First, we need to create a plugin, this one is called RestfulMethodsCheck

namespace MyApp\Phalcon\Dispatcher\Plugin;

use Phalcon\Events\Event;
use Phalcon\Mvc\User\Plugin;
use Phalcon\Mvc\Dispatcher;

/**
 * Plugin to detect the HTTP method of a request and determine if matches an actions annotated methods. If it does not
 * then plugin will end the execution of the request by returning a HTTP 405 Method Not Allowed allow with an Allow
 * header of methods that are permitted.
 *
 * @package Pentagon\Phalcon\Dispatcher\Plugin
 */
class RestfulMethodsCheck extends Plugin
{
    /**
     * Check the requested method against an annotation on the action (if any) and fail it if its not matching.
     *
     * @param Event $event
     * @param Dispatcher $dispatcher
     * @return bool
     */
    public function beforeExecuteRoute(Event $event, Dispatcher $dispatcher)
    {
        $annotations = $this->annotations->getMethod($dispatcher->getActiveController(), $dispatcher->getActiveMethod());
        if ($annotations->has('HTTPMethods')) {
            $annotation = $annotations->get('HTTPMethods');
            if (!in_array($this->request->getMethod(), array_change_key_case($annotation->getArguments(), CASE_UPPER))) {
                $this->response->setStatusCode(405, 'Method Not Allowed');
                $this->response->setHeader('Allow', implode(',', $annotation->getArguments()));
                $this->response->send();
                return false;
            }
        }
        return true;
    }
}

Now, we need to register this as a new event listener in our services definitions. This one is in the API module, so we shall add it there.

$di->set('dispatcher', function () use ($di) {
            //Obtain the standard eventsManager from the DI
            $eventsManager = $di->getShared('eventsManager');
            //Instantiate the Restful Methods plugin
            $pluginRestfulMethods = new Pentagon\Phalcon\Dispatcher\Plugin\RestfulMethodsCheck();
            //Listen for events produced in the dispatcher using the Restful Methods plugin
            $eventsManager->attach('dispatch', $pluginRestfulMethods);
            // Create an instance of the dispatcher.
            $dispatcher = new Phalcon\Mvc\Dispatcher();
            //Bind the EventsManager to the Dispatcher
            $dispatcher->setEventsManager($eventsManager);
            return $dispatcher;
        });

We now create a route to our API endpoint. N.B Notice how I am just using add instead of addPost or addGet. That is because if we add the method, and that method is never matched, then we default to the non matched route, not a HTTP compliant response.

$router->add('/api/0.0.1/ping', array(
    'namespace' => 'Api\\Controllers',
    'module' => 'api',
    'controller' => 'ping',
    'action' => 'ping',
    'params' => 1,
));

We are now almost there. Time to add a controller that has some annotations to it. These are checked before the action is executed.

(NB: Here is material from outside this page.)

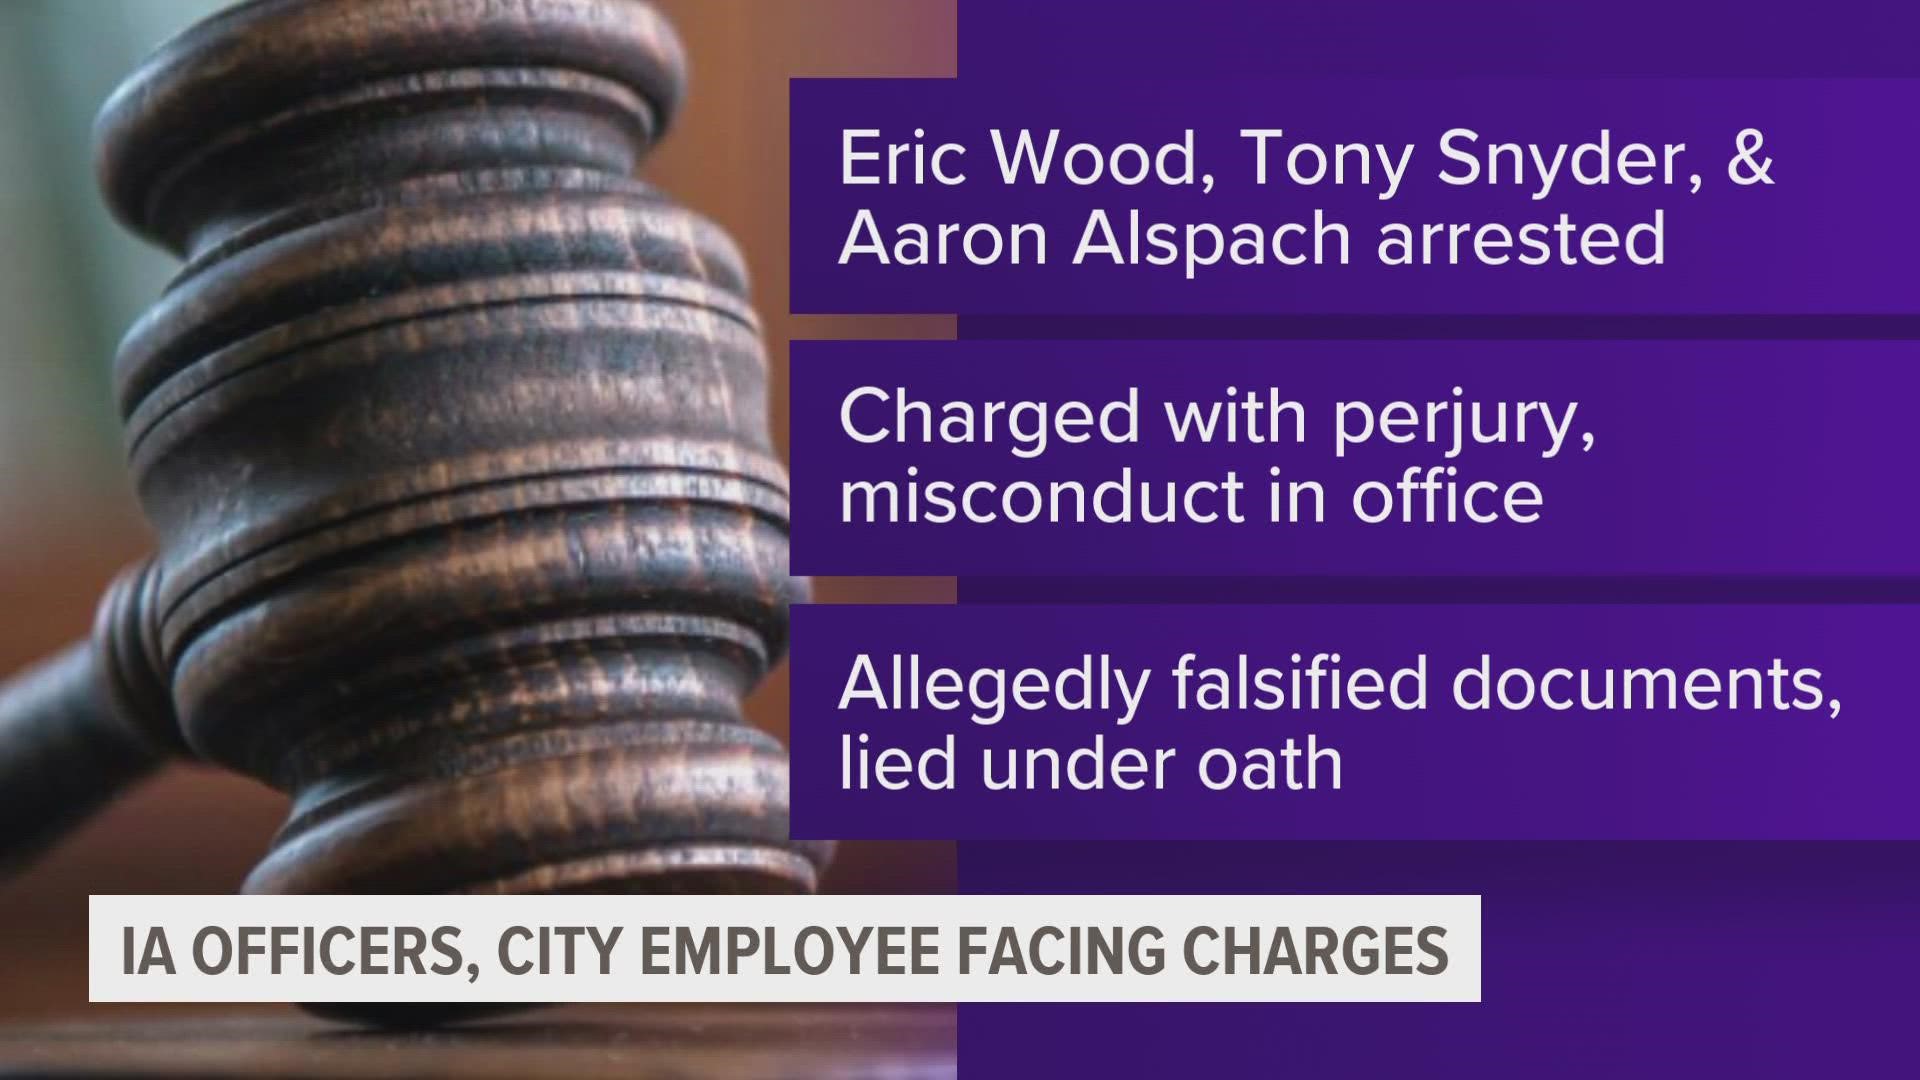 Administrator Eric Wood and former officers Tony Snyder and Aaron Alspach are all charged with felonious misconduct in office and perjury in Calhoun County.

namespace Api\Controllers;
/**
 * Class PingController
 *
 * Simple testing controller to ensure client is setup correctly to access API service.
 *
 * @package Api\Controllers
 */
class PingController extends ControllerBase
{
    /**
     * This is a simple ping method, that returns an ok response if the client is authtenticated.
     *
     * @HTTPMethods(POST, GET)
     *
     */
    public function pingAction()
    {
        $this->response->setJsonContent(array("success" => true));
        $this->response->send();
    }
}

If we call this controller now using our restful test client we should be getting a standard response in json

{"success":true}

But if we call it with a HTTP DELETE method, then we actually get correctly denied access and a nice HTTP 405 response back.

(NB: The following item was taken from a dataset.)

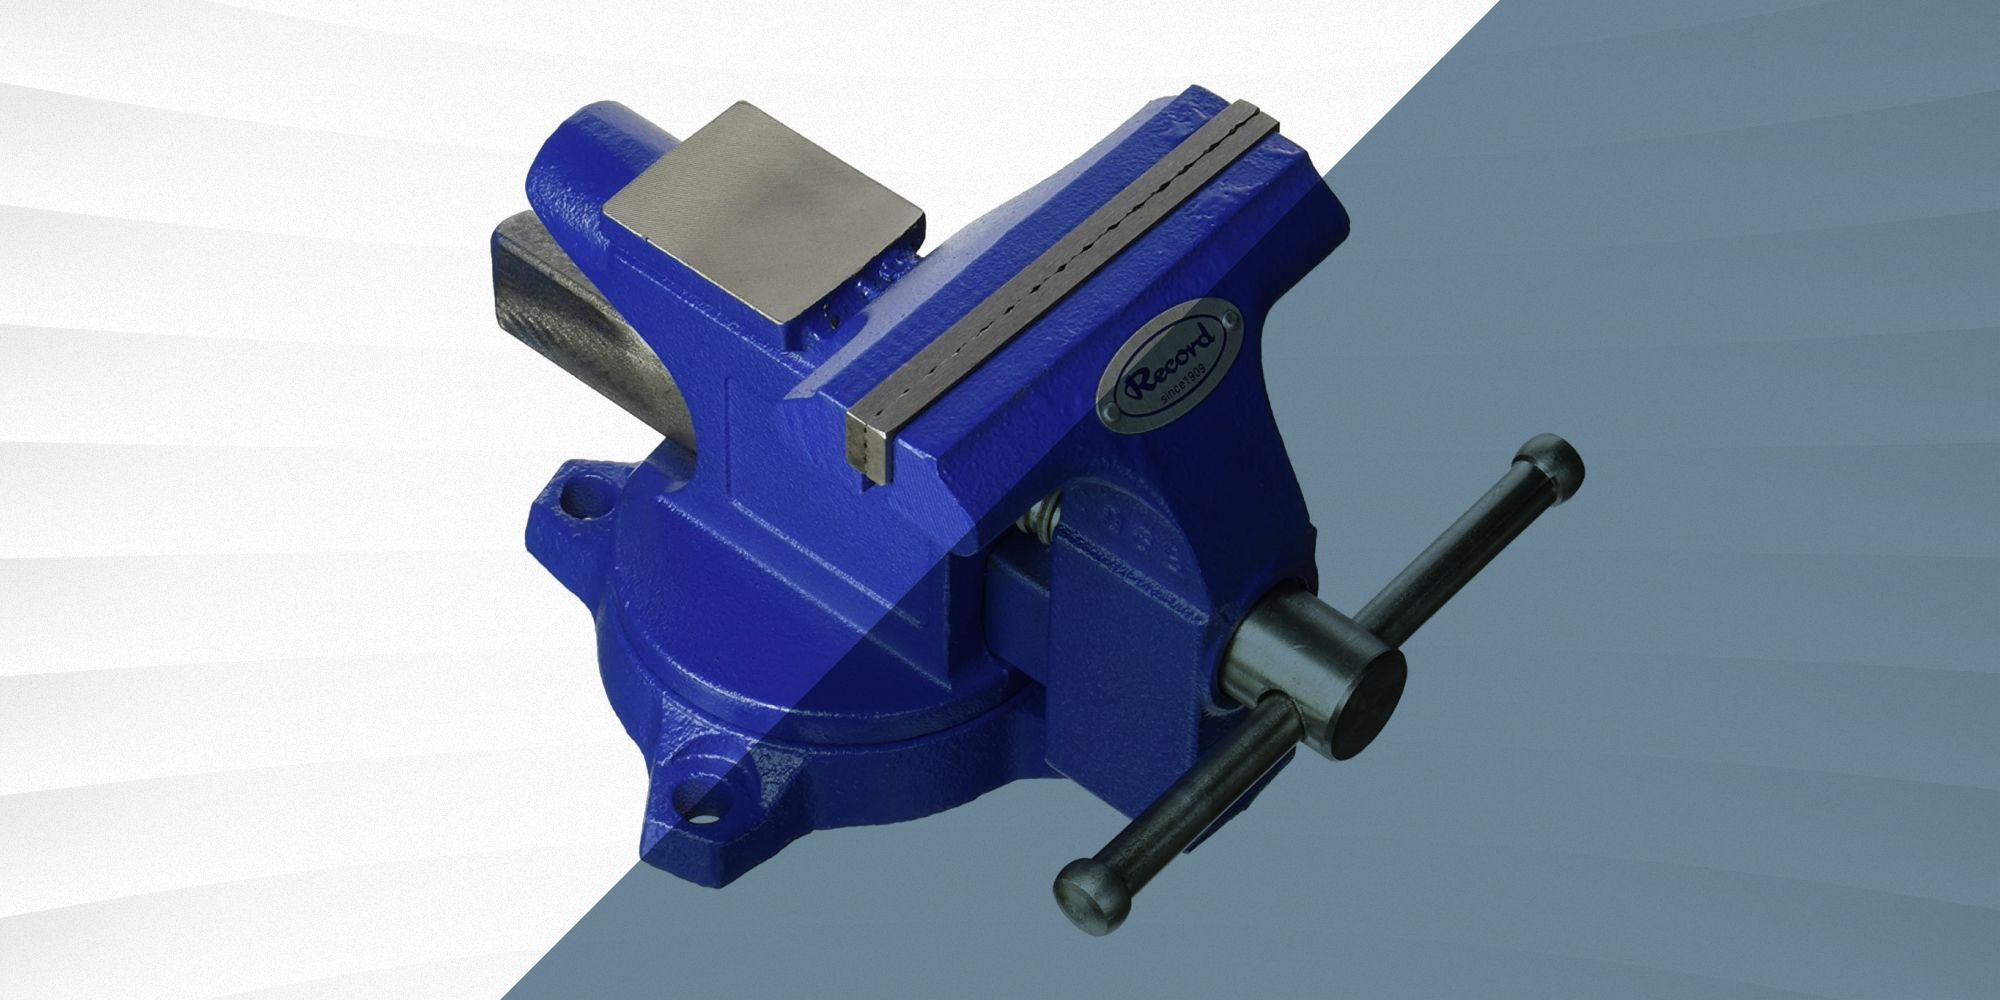 Bench Vise Heavy Duty Work Bench Table Vise Miniature Vise Wood Carving  Vise Blue Workbench All Steel Repair Tool To Rotate Pipe Vice Woodworking

HTTP/1.1 405 Method Not Allowed
Date: Tue, 15 Jul 2014 18:47:20 GMT
Server: Apache/2.4.7 (Ubuntu)
Expires: Thu, 19 Nov 1981 08:52:00 GMT
Cache-Control: no-store, no-cache, must-revalidate, post-check=0, pre-check=0
Pragma: no-cache
Status: 405 Method Not Allowed
Allow: POST,GET
Content-Length: 0
Keep-Alive: timeout=5, max=100
Connection: Keep-Alive
Content-Type: application/json; charset=UTF-8

If anyone has better ideas as to how to solve this issue, I'd be keen to hear of them.